Evaluating the quality of AI document data extraction with small and large language models

Microsoft

Jun 08, 2024

Evaluating the effectiveness of AI models in document data extraction. Comparing accuracy, speed, and cost-effectiveness between Small and Large Language Models (SLMs and LLMs).

Context

As the adoption of AI in solutions increases, technical decision-makers face challenges in selecting the most effective approach for document data extraction. Ensuring high quality is crucial, particularly when dealing with critical solutions where minor errors have substantial consequences. As the volume of documents increases, it becomes essential to choose solutions that can scale efficiently without compromising performance.

This article evaluates AI document data extraction techniques using Small Language Models (SLMs) and Large Language Models (LLMs). Including a specific focus on structured and unstructured data scenarios.

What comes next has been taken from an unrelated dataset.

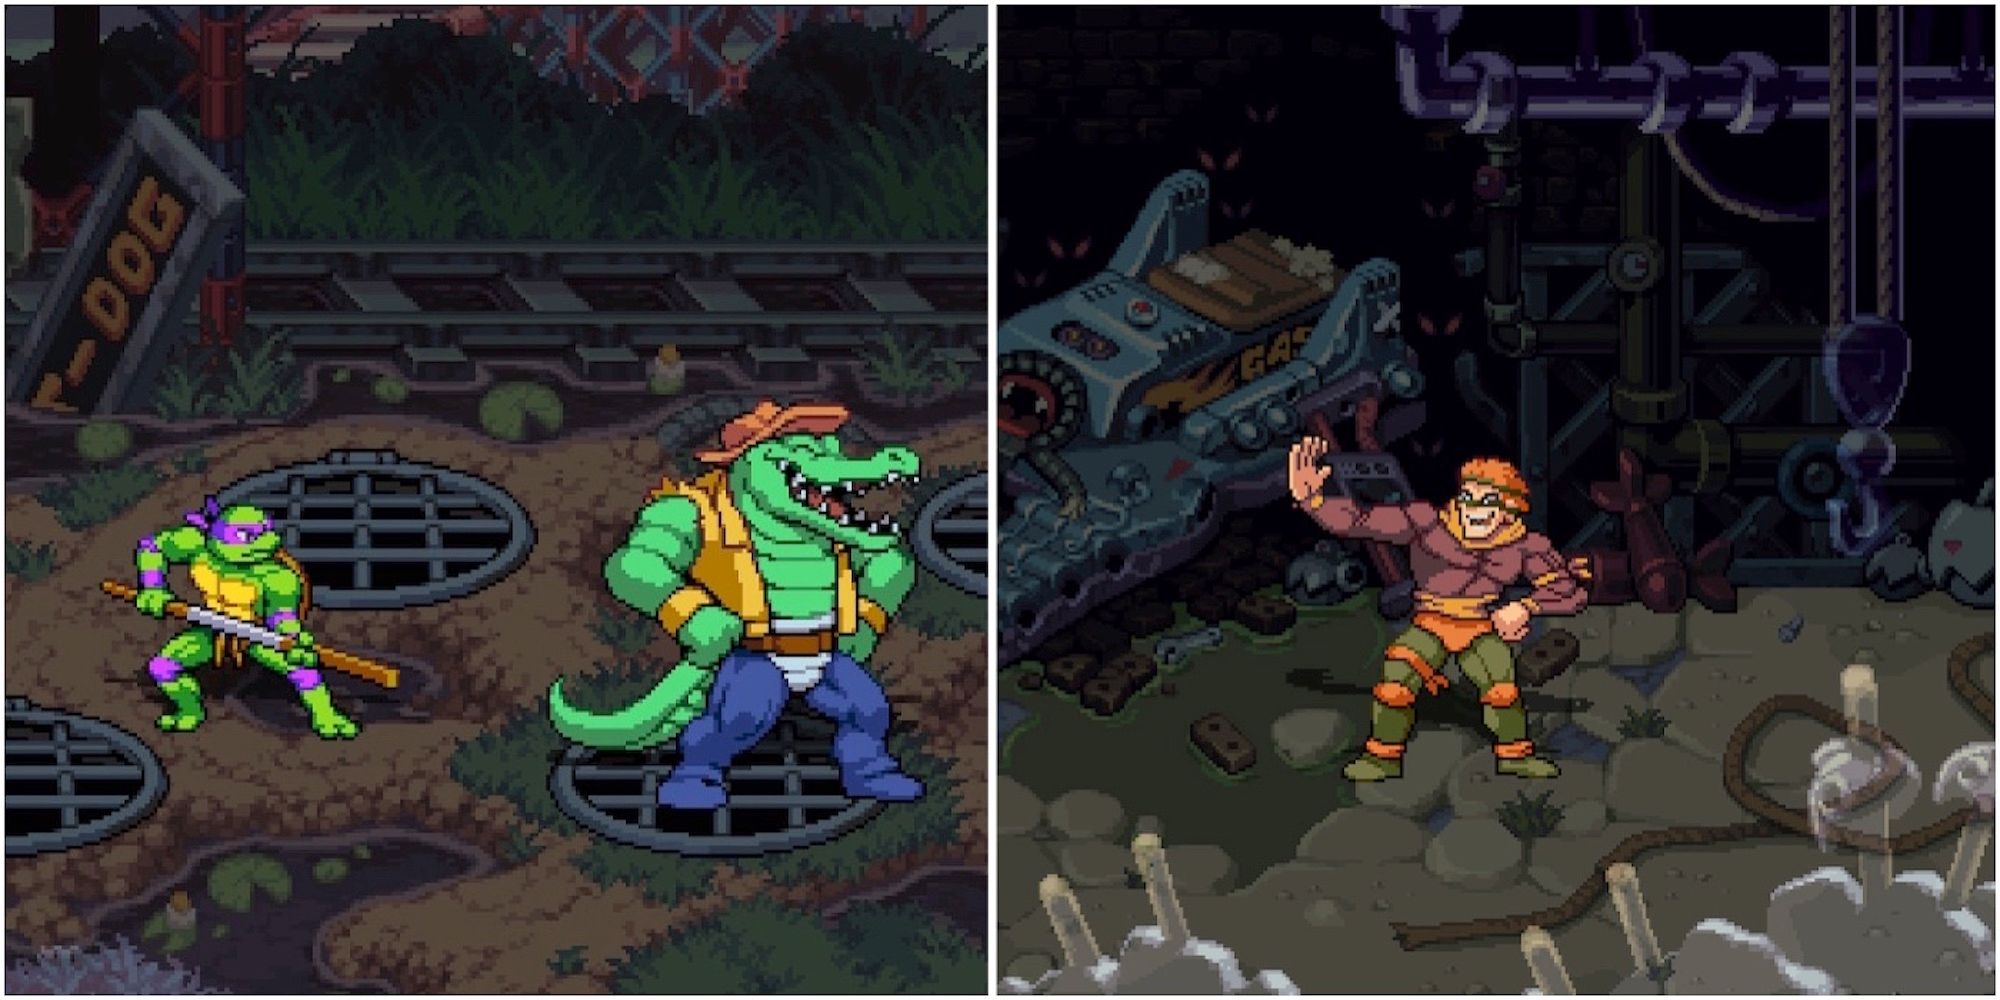 Fighting bosses in Teenage Mutant Ninja Turtles Shredder's Revenge

By evaluating models, the article provides insights into their accuracy, speed, and cost-efficiency for quality data extraction. It provides both guidance in evaluating models, as well as the quality of the outputs from models for specific scenarios.

Key challenges of effective document data extraction

With many AI models available to ISVs and Startups, challenges arise in which technique is the most effective for quality document data extraction. When evaluating the quality of AI models, key challenges include:

Ensuring high accuracy and reliability. High accuracy and confidence are crucial, especially for critical applications such as legal or financial documents. Minor errors in data extraction could lead to significant issues. Additionally, robust data validation mechanisms verify the data and minimize false positives and negatives.
Getting results in a timely manner. As the volume of documents increases, the selected approach must scale efficiently to handle large document quantities without significant impact. Balancing the need for fast processing speeds with maintaining high accuracy levels is challenging.
Balancing cost with accuracy and efficiency. Ensuring high accuracy and efficiency often requires the most advanced AI models, which can be expensive. Evaluating AI models and techniques highlights the most cost-effective solution without compromising on the quality of the data extraction.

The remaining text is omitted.